Ale położył kurtkę na plecaku..
- Podasz wacik albo plaster, tu przytrzymasz, tam dociśniesz… - Wyjaśniła Kimberlee Azjatce z wesołym uśmiechem - Może zostaniesz moją pełnoetatową asystentką? - Dziewczyna zachichotała.
- Z tym chyba sobie poradzę.. - Odpowiedziała dość nieśmiało Lyssa, ale już na część z asystentką nie, zbyt skupiona na tym by czegoś nie schrzanić. Odłożyła ubrania Petera tam, skąd je wzięła. Jeśli tego właśnie chciał, uszanuje jego decyzje - pomyślała i usiadła blisko, poprawiając maczetę, która raczej do leczenia nie będzie potrzebna, a za to nie była zamocowana z myślą o siadzie. Odgarnęła włosy i złożyła grzecznie dłonie na udach, czekając.
- Postaram się być delikatna Peter.. bardzo bolą plecy? - Zapytała troskliwie.
- Miło mi to słyszeć - odparł. - Dobrze, że nie powiedziałaś "to nie będzie bolało" - zażartował.

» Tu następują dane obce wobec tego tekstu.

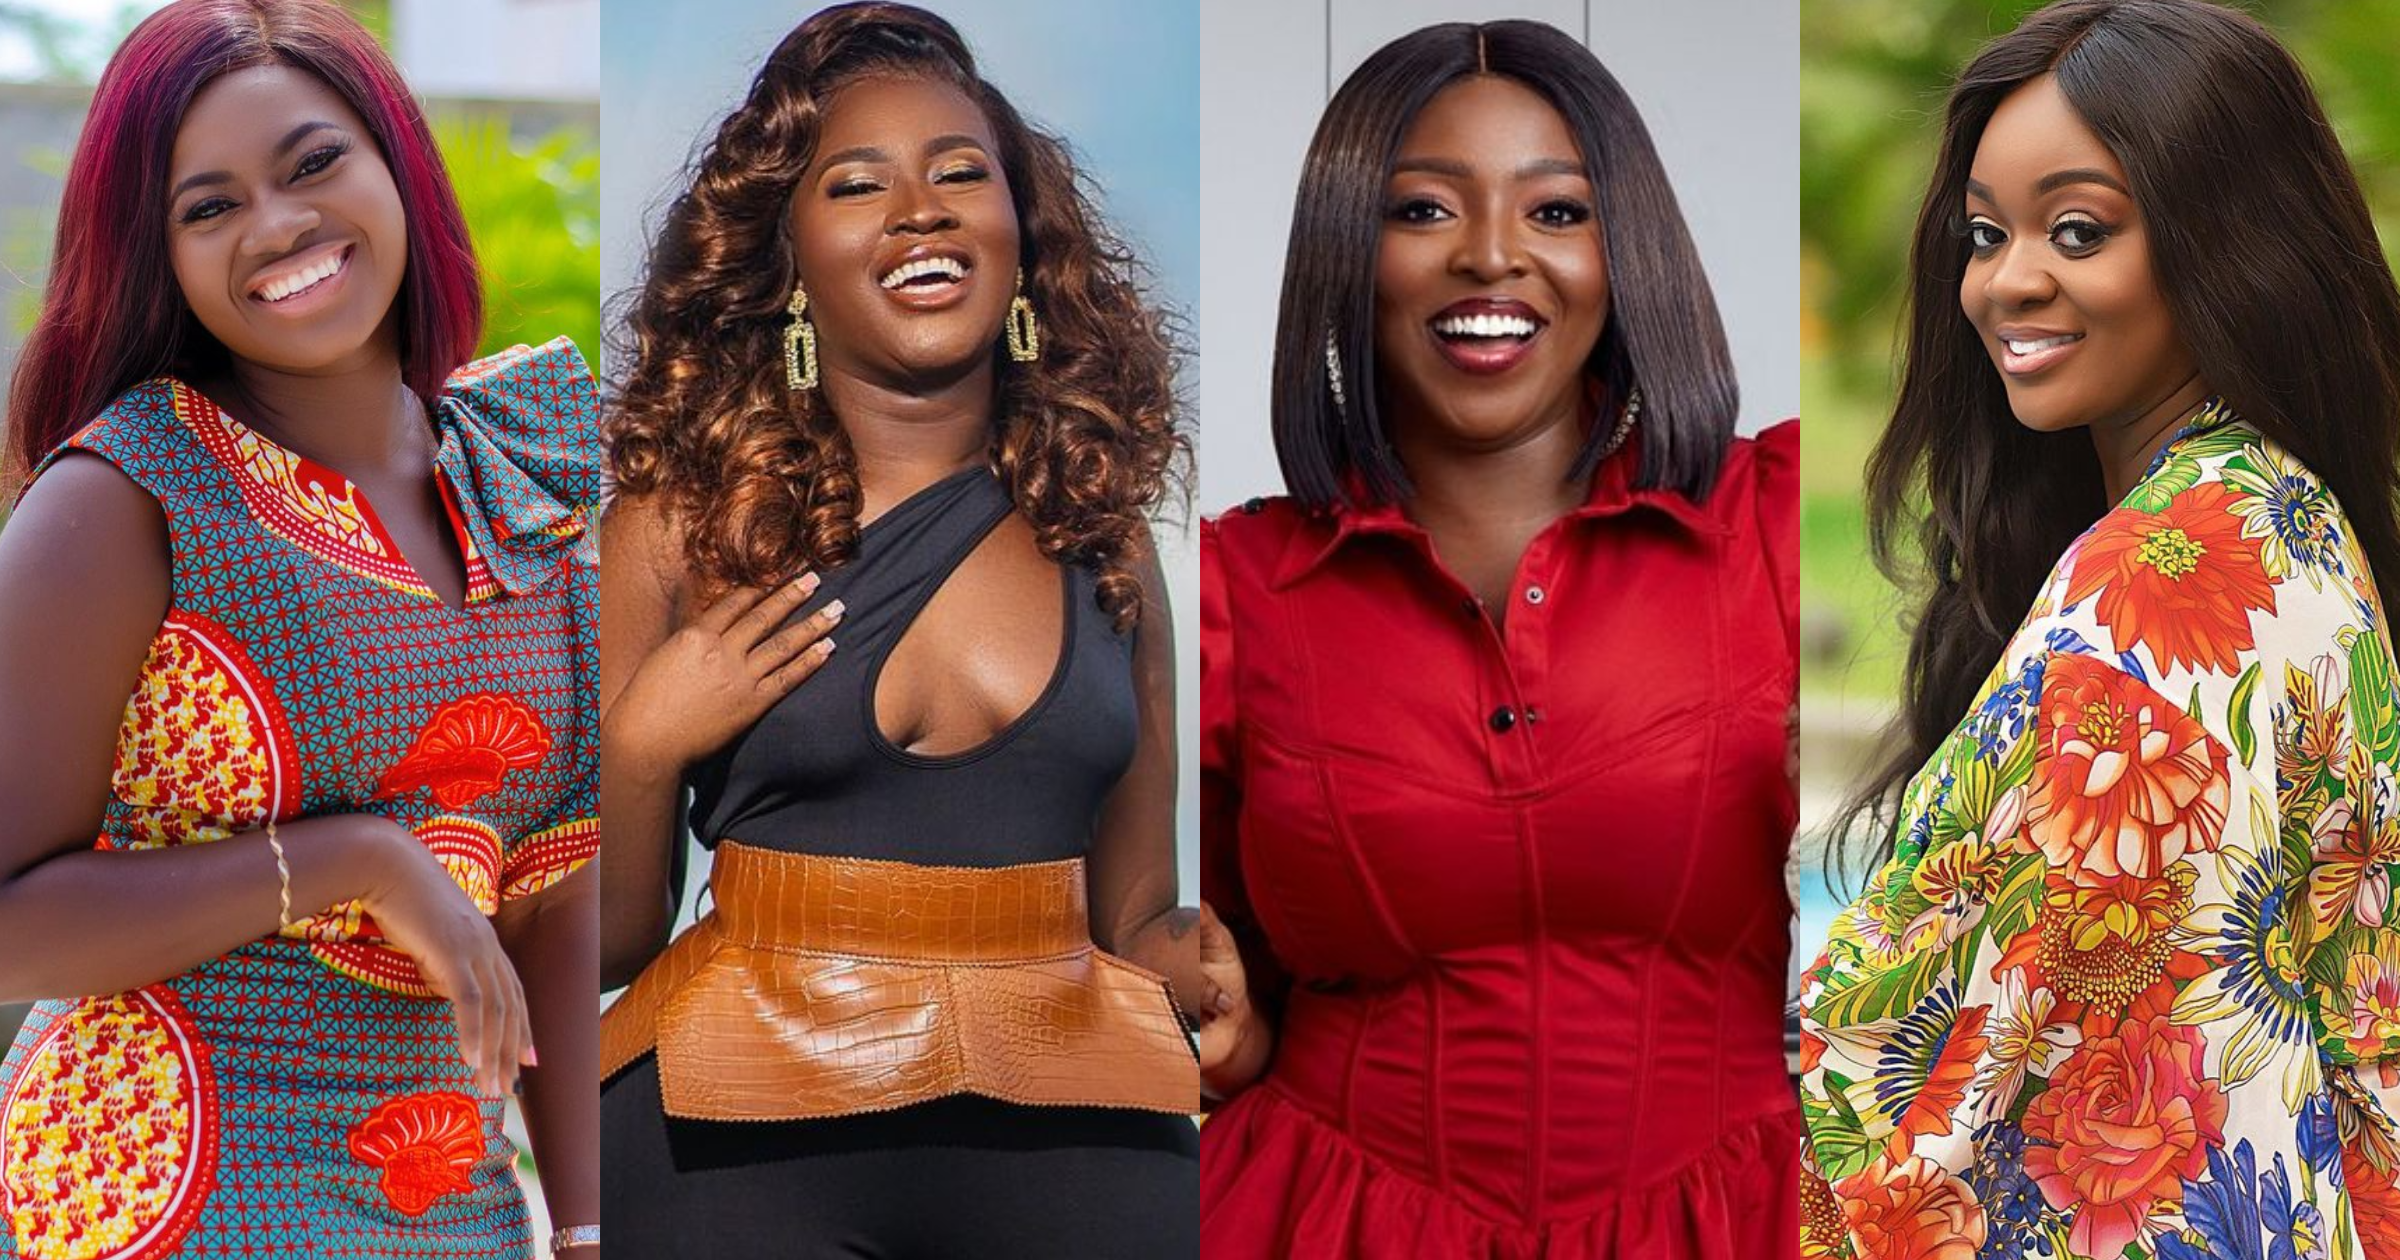 Dark and lovely: Jackie Appiah, Fella, Okoro 7 other beautiful Ghanaian celebs who have not 'bleached' their black skins

Na te słowa Lyssa roześmiała się krótko i troszkę rozluźniła.
- Bo będzie. - Rzuciła bezceremonialnie, a po krótkiej pauzie dokończyła. - Myślisz że czemu Kim na asystentkę wybrała specjalistkę od sztuk walki? Będę w stanie cię utrzymać, nawet jak w adrenalinie naprężysz muskuły próbując się wyrwać..
Przez moment Japonka próbowała utrzymać poważny wyraz twarzy, ale w końcu zaśmiała się pod nosem, starając nie uśmiechać gdy patrzyła w oczy Petera.
- Jak chcesz, możesz nawet na mnie usiąść... chociaż nie sądzę, byś ważyła więcej, niż piórko lub dwa - odparł. - Ale spróbuję nie stawiać oporu, jak mnie będziecie do spółki szyć i kroić...
- Na tym polegają sztuki walki, by wiedzieć gdzie złapać i jak chwycić.. by.. eee.. - Twarz Kiku zalała się czerwienią gdy zorientowała się jak musi brzmieć to co mówi. Zająkała się zawstydzona, aż w końcu udało jej się, mozolnie dokończyć zdanie. - Pokonać silniejszego od siebie przeciwnika.. - Spojrzała na Kim, jakby szukała ratunku, unikając wzroku ich półnagiego pacjenta.
Peter udał, że nic się nie stało.
- Masz w tym wprawę…? - spytał, nie precyzując, jakiego fragmentu wypowiedzi dziewczyny dotyczy to pytanie.
Prażące ciepło rozlało się po twarzy Kiku, aż ta nabrała koloru buraka. Chciała nawet coś odpowiedzieć o tym jak to ona zajmie się tym krojeniem, ale słowa utknęły jej w ustach. Nie spodziewała się po nim takiego tupetu i wtedy z pomocą przyszła jej Kim.
- Ten… no… jak już skończyliście to możemy w końcu te plecy obejrzeć? - Kimberlee uśmiechnęła się do obojga, choć była chyba minimalnie tą rozmową zawstydzona? A przynajmniej na taki stan wskazywały lekkie rumieńce na jej policzkach.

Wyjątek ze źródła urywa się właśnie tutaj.